■ Material provided ■
'''

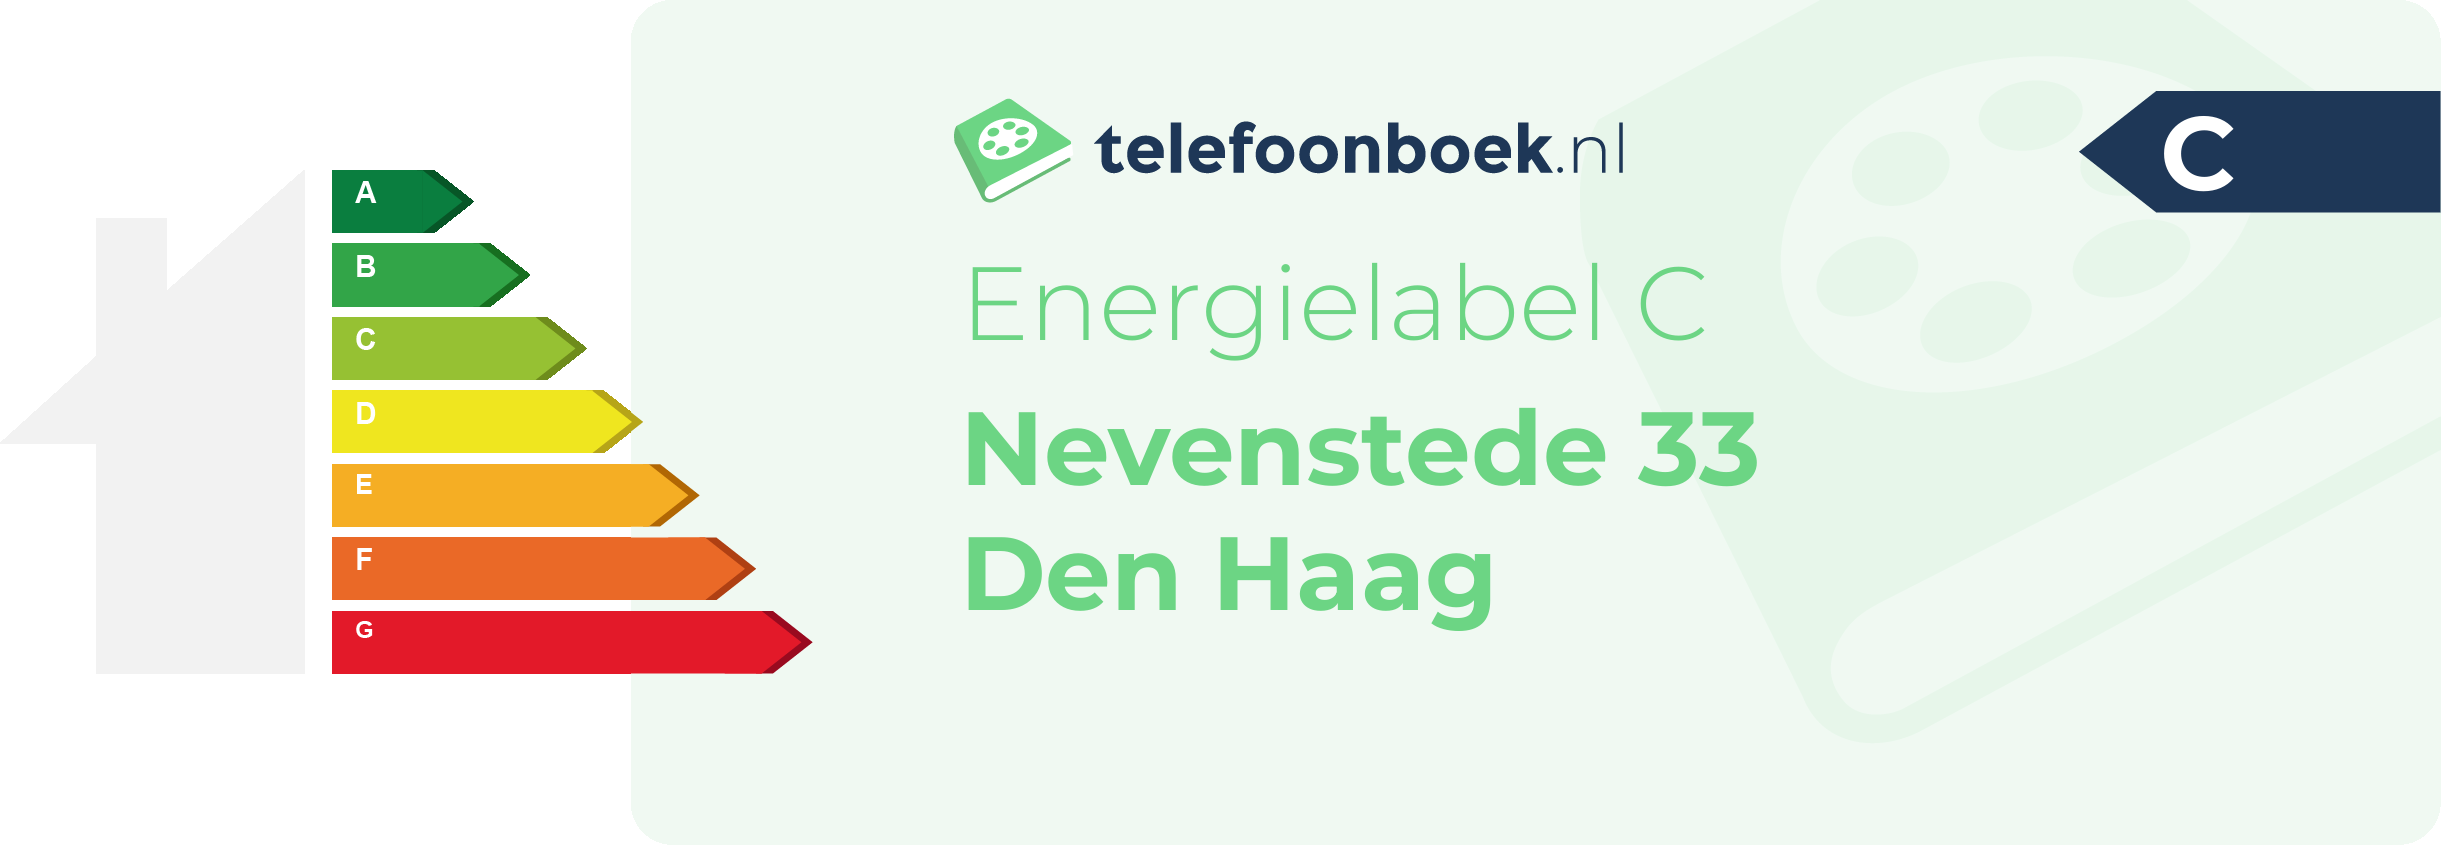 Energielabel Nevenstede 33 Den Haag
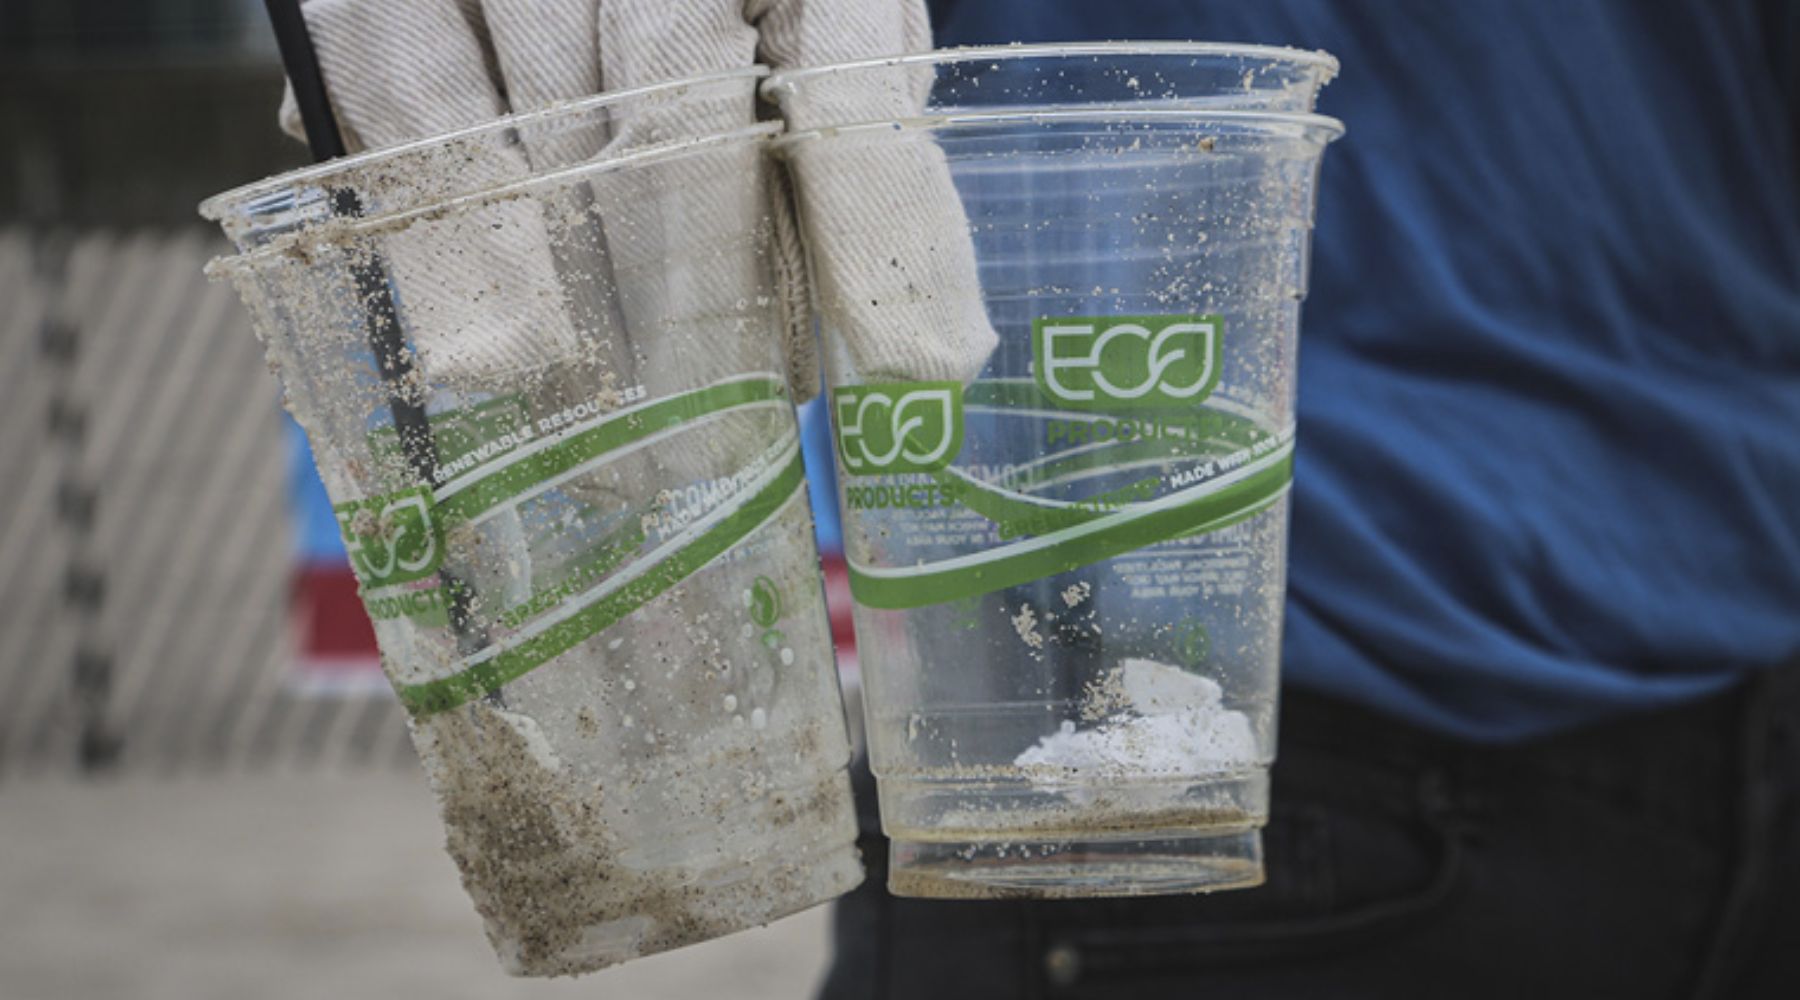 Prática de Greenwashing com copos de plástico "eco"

'''
'''

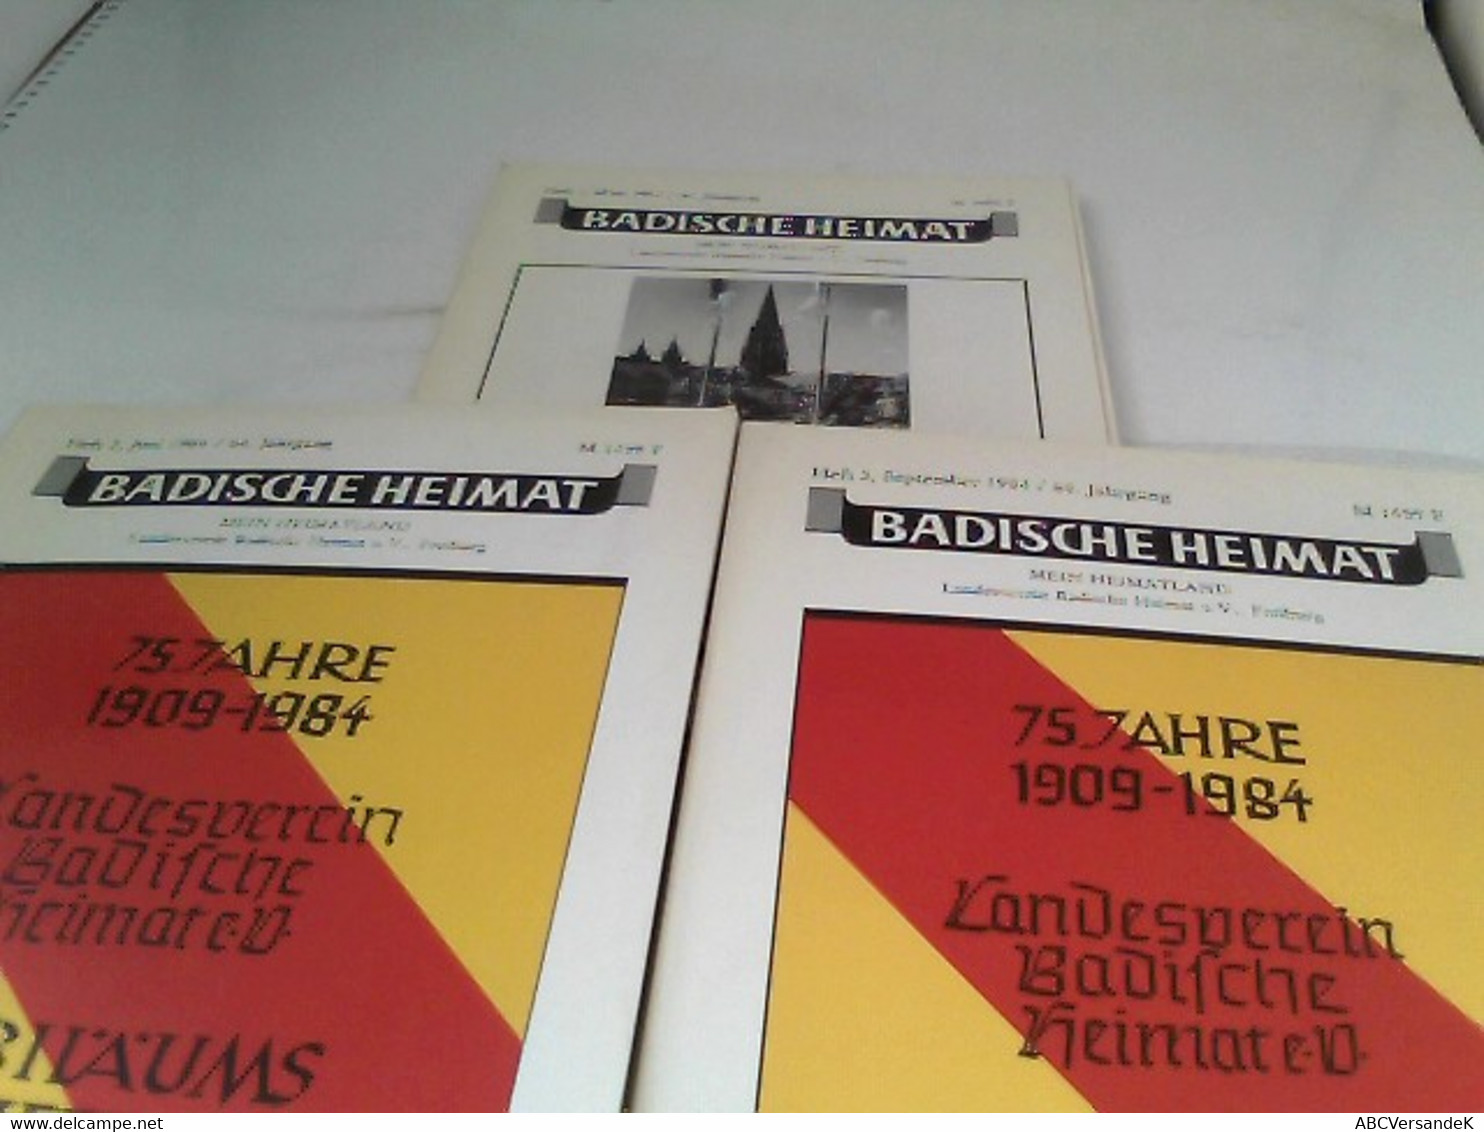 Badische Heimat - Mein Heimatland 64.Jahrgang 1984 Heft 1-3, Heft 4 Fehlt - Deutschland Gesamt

'''
'''

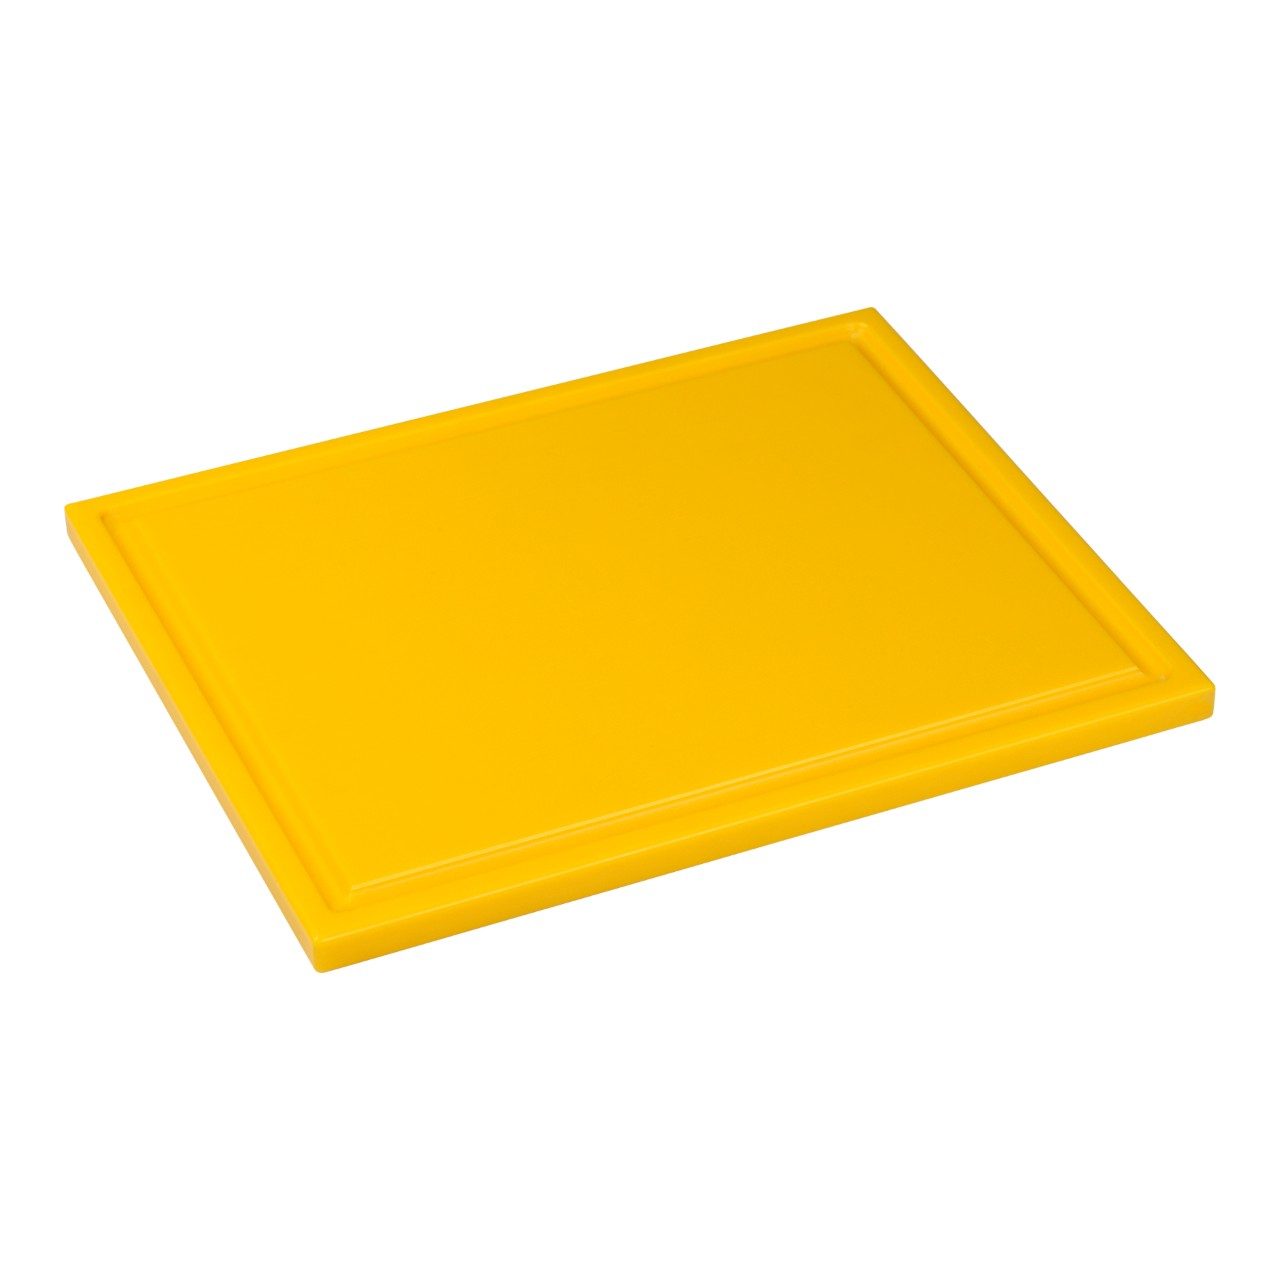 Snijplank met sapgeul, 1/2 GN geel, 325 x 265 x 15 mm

'''

■ Task objective ■
Leave the pictures out, and transcribe exactly the lines above starting at the one that contains "Energielabel Nevenstede 33 Den Haag" and ending at the one that contains "Prática de Greenwashing".

■ Completed exercise ■
 Energielabel Nevenstede 33 Den Haag
 Prática de Greenwashing com copos de plástico "eco"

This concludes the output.